从网站下载最新的Releases包, 解压即可.

我是用比较笨的方法, 下载源代码编译的, 这个比较抽象, 如果运气好, CMAKE可以很快构建,

如果运气不好, 那没什么办法, 玩C++不是请客吃饭, 有时候就要经受一些debug折磨,

通常没事不要挑战自己, 有现成编译好的, 就用现成的, 我是想看看它怎么实现, 其实也是徒劳, 但有点好处, 就是有问题, 可以尝试搞一下, 比如模型格式转换,

能上梯子的, 可以去官方https://huggingface.co/meta-llama/Llama-2-7b下载, 不能登梯子的, 去阿里https://www.modelscope.cn/home魔塔社区, 搜一下llama2-7B, 注意模型格式务必是gguf, ggml将陆续不再被支持.

二、具体调用

因为只是单机运行, 所以部署这个大词儿, 我下面就直接换成调用了.

llama.cpp的官方文档中说:

bash 复制代码
Plain C/C++ implementation without dependencies

Apple silicon first-class citizen - optimized via ARM NEON, Accelerate and Metal frameworks

AVX, AVX2 and AVX512 support for x86 architectures

Mixed F16 / F32 precision

2-bit, 3-bit, 4-bit, 5-bit, 6-bit and 8-bit integer quantization support

CUDA, Metal and OpenCL GPU backend support

纯C++实现, 无需其它依赖, 要知道, 当初我为了调用whisper可是足足下了6个多G的依赖, 并且被Windows平台整放弃了, 不得不转投Linux才整好, 国内的网络环境, 搞这么多东西, 你知道我是用了多少时间.
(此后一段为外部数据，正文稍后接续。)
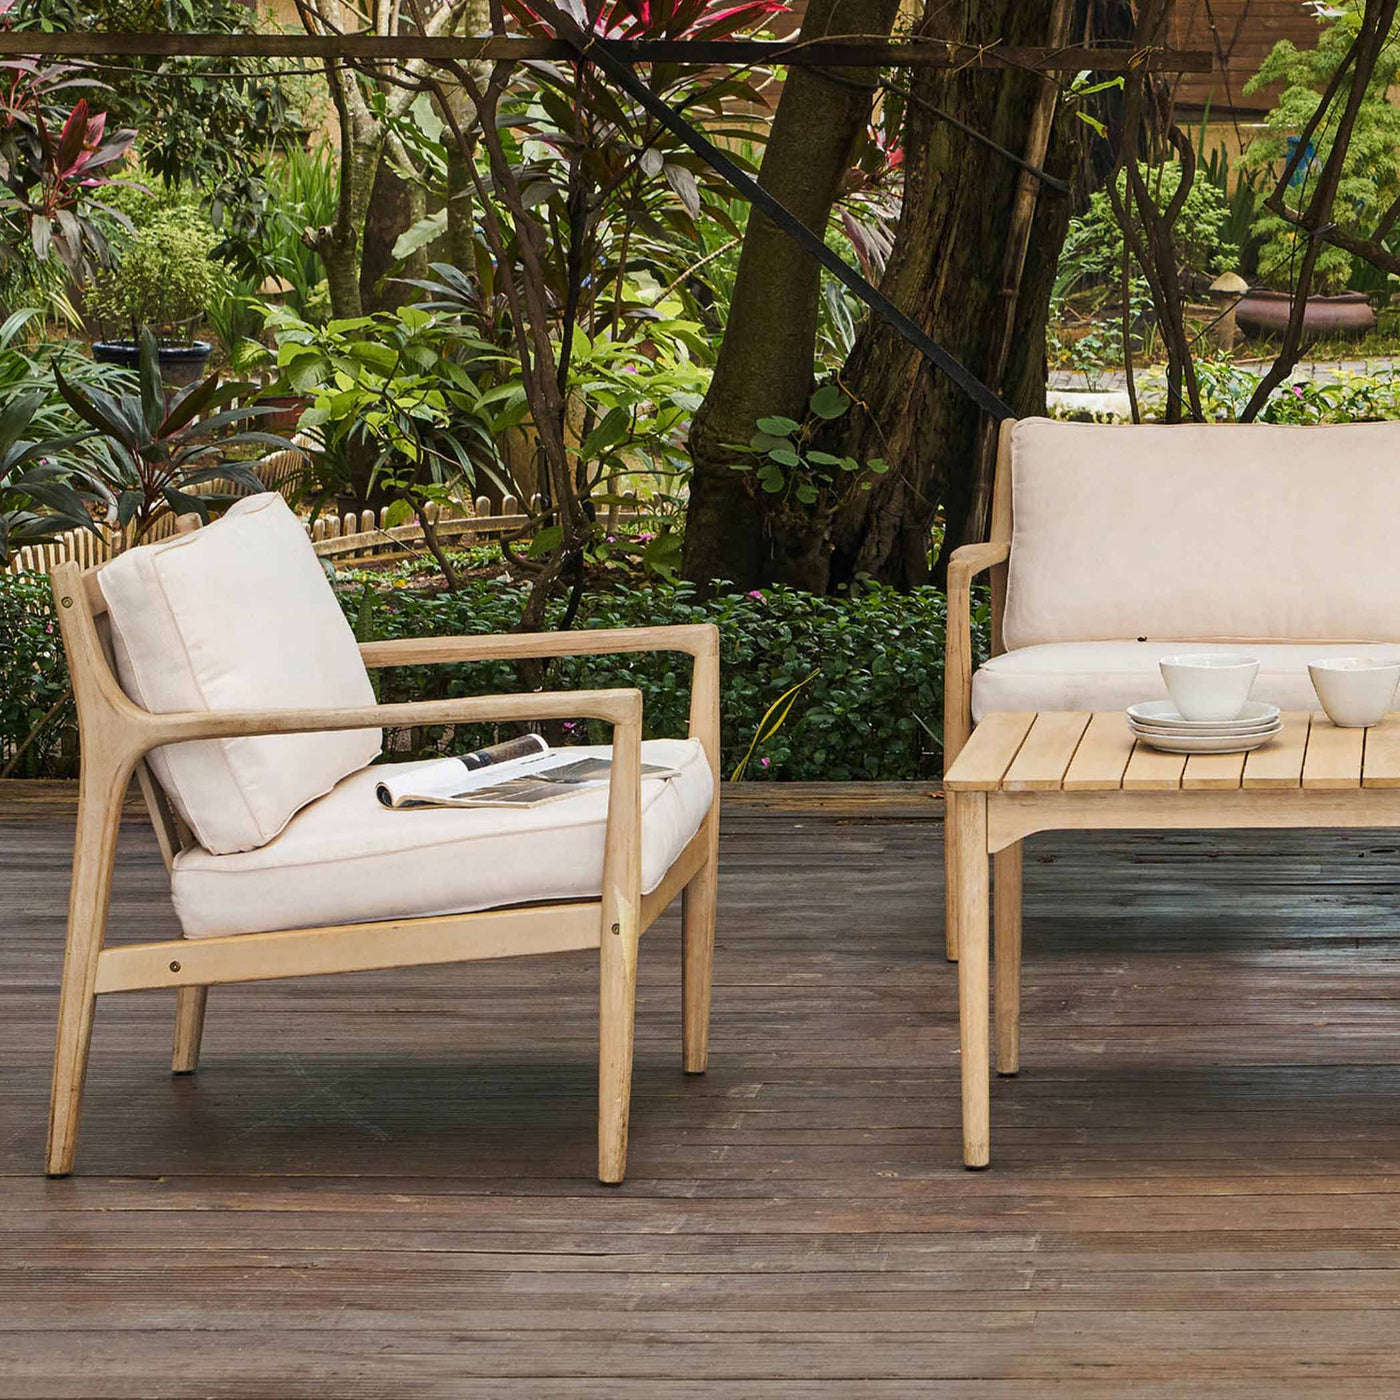 Découvrez l'élégance ultime avec le fauteuil d'extérieur Sonoma. Fabriqué avec du bois d'acacia certifié FSC, il allie durabilité, beauté et sophistication

苹果系统不熟, 就不吹了, X86还是可以的, 不依赖显卡, 但像AVX这样的CPU加速指令集基本都支持, 效果并不慢, 尤其对于不那么大的大模型.

支持量化模型, 也就是说, 你可以省硬盘和内存, 不至于跑不起来, 但是效果稍微差那么一丁点, 又不是不能用对吧.

另外, 其实还是支持CUDA的, 这个在你确定自己的机器符合要求的情况, 可以下载对应的版本,

至于cuda的环境建立, 那是比本文难上一个量级的东西, 自己去搞吧.

现在假定你已经完成了下载, 并且已经跃跃欲试了, 请执行如下命令

bash 复制代码
main.exe -m models\7B\ggml-model.gguf --prompt "Once upon a time"
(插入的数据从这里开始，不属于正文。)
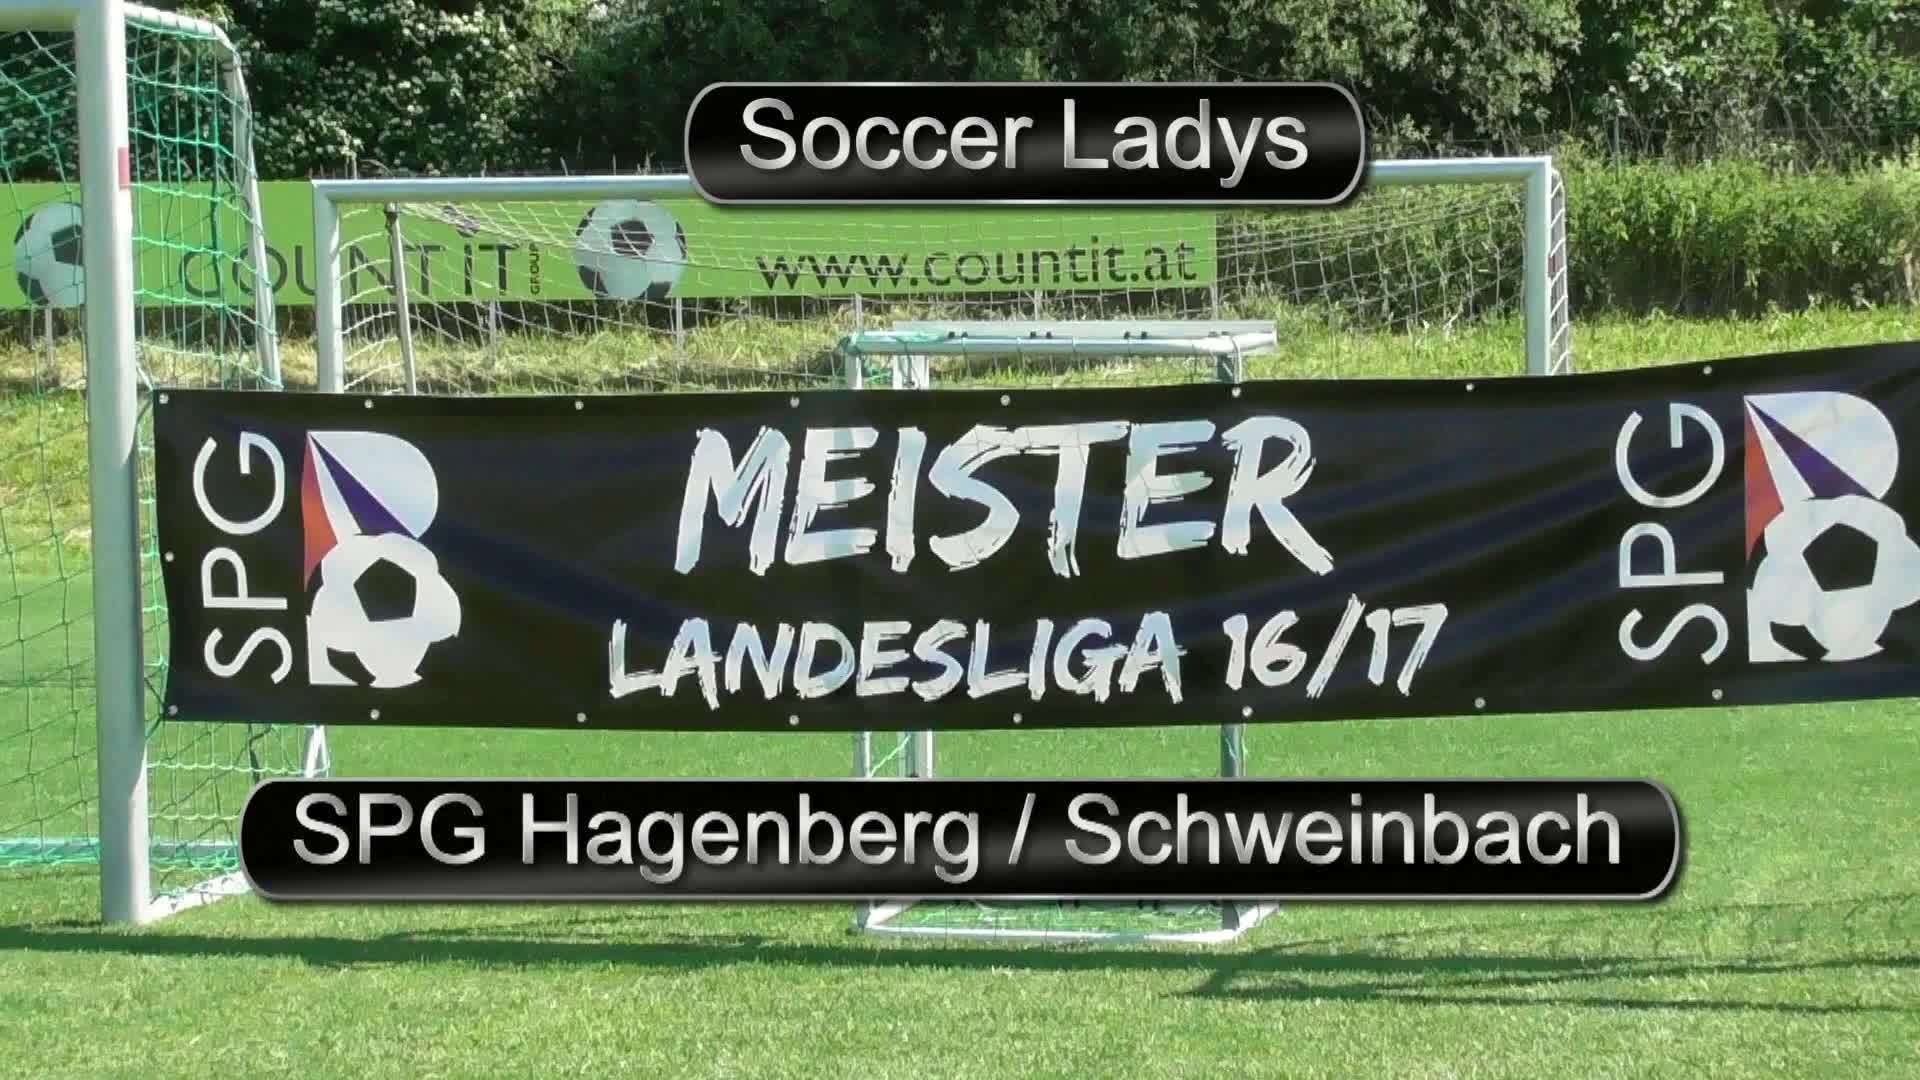 Soccer Ladys sind Landesligameister!

mainllama.cpp的执行程序, 你如果自编译大概是这个名, 用社区提供的可执行文件可能是llama.cpp.exe, 不重要, 你知道的.

-m选项是引入模型, 不要有中文路径, 如果不清楚相对路径, 就使用绝对路径.

--prompt 是提示词, 这个就不用我多说了, 就是给大模型开个头, 然后它给你编故事.

类似:

bash 复制代码
system_info: n_threads = 8 / 16 | AVX = 1 | AVX2 = 1 | AVX512 = 0 | AVX512_VBMI = 0 | AVX512_VNNI = 0 | FMA = 1 | NEON = 0 | ARM_FMA = 0 | F16C = 1 | FP16_VA = 0 | WASM_SIMD = 0 | BLAS = 
1 | SSE3 = 1 | VSX = 0 | 
sampling: repeat_last_n = 64, repeat_penalty = 1.100000, presence_penalty = 0.000000, frequency_penalty = 0.000000, top_k = 40, tfs_z = 1.000000, top_p = 0.950000, typical_p = 1.000000, temp = 0.800000, mirostat = 0, mirostat_lr = 0.100000, mirostat_ent = 5.000000
generate: n_ctx = 512, n_batch = 512, n_predict = -1, n_keep = 0


Once upon a time, I was sitting in my living room when the thought struck me: 

"I'm going to make a list of 100 books everyone should read. références, and put them up here." 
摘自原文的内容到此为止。